Induction of labour is the most common obstetric intervention in Germany, accounting for more than 20 % of inductions [1]. Mechanical induction using double balloon catheter is a routine procedure that has been clinically established for many years. Equivalent effectiveness and safety have been demonstrated for double balloon placement for 12 and 24 hours. Recent studies have reported comparable effectiveness even when the duration of placement was shortened to 6 hours [18] [19].
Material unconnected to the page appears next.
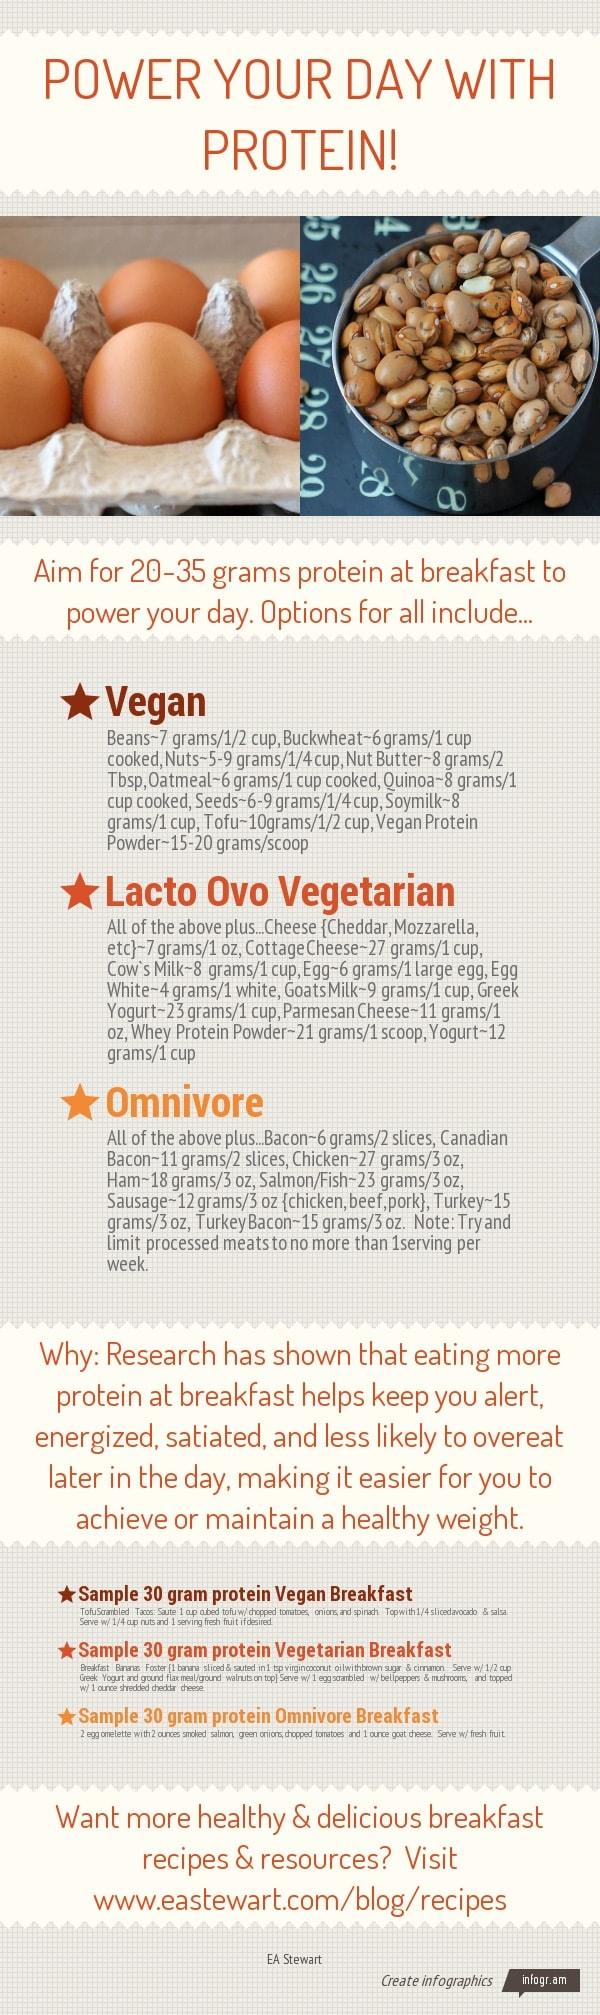 high protein breakfast ideas infographic
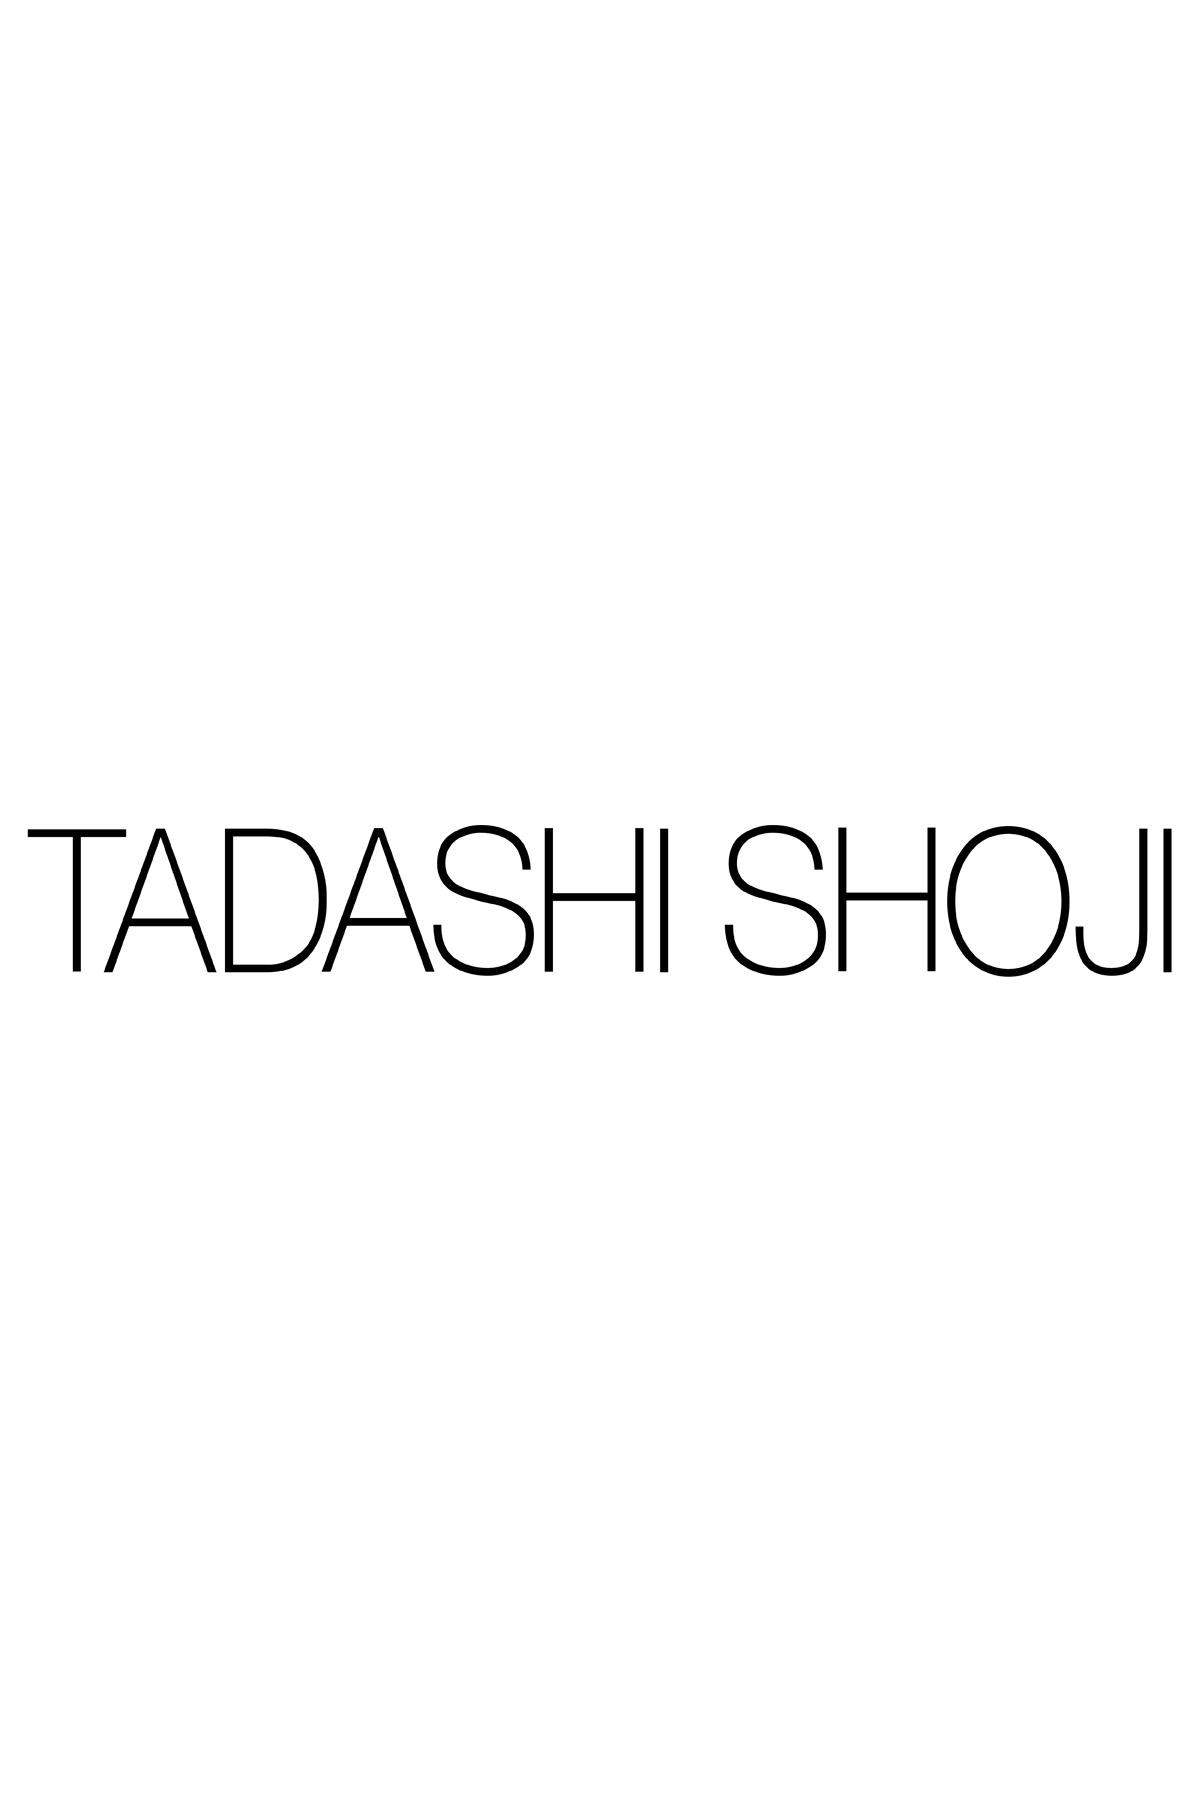 Tadashi Shoji - Paillette Embroidered Tulle 3/4 Sleeve Dress - Detail

This effect can be explained by a higher endogenous prostaglandin release and a greater sensitivity to exogenous prostaglandins [25] [26].
The comparable studies by Bleicher et al. [18] and Lassey et al. [19] do not provide information on the timing of onset of the induction of labour. In our clinic, the start of the IOL using the double balloon catheter was changed from the evening hours at 8 pm for 12 hours to the morning at 8 am for 6 hours, so that the women were spared nighttime induction of labour. This adds valuable new insights to the previous work of Kehl et al. [27]. They found the evening application of the double balloon catheter with planned administration of misoprostol by maintaining the placement time to be favourable. In our clinical experience, overnight balloon induction often leads to sleep deprivation and early exhaustion caused by the onset of uterine contractions. A morning induction lasting only 6 hours could prevent this nighttime exhaustion and thus have a positive influence on the duration of induction. As a result, women and midwives may be more accepting and satisfied with their choice of induction method. While we did not extensively assess this aspect during our study, we received similar feedback at our centre subsequent to the transition to the 6-hour placement regimen in clinical practices.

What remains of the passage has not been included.